▶ [WHAT YOU SHOULD DO] Hunt through the lines below for the string "this" and copy each one that has it.

* * * * * * * * *

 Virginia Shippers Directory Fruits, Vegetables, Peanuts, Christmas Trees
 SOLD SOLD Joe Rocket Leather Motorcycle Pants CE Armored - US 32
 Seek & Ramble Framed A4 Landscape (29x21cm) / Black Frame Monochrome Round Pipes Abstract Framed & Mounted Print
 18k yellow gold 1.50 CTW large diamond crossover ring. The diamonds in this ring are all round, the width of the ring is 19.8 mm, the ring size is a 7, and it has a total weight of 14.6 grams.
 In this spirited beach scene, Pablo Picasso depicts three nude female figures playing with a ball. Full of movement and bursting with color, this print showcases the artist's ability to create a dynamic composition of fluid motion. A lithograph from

* * * * * * * * *

▶ [EXPECTED ANSWER]
 18k yellow gold 1.50 CTW large diamond crossover ring. The diamonds in this ring are all round, the width of the ring is 19.8 mm, the ring size is a 7, and it has a total weight of 14.6 grams.
 In this spirited beach scene, Pablo Picasso depicts three nude female figures playing with a ball. Full of movement and bursting with color, this print showcases the artist's ability to create a dynamic composition of fluid motion. A lithograph from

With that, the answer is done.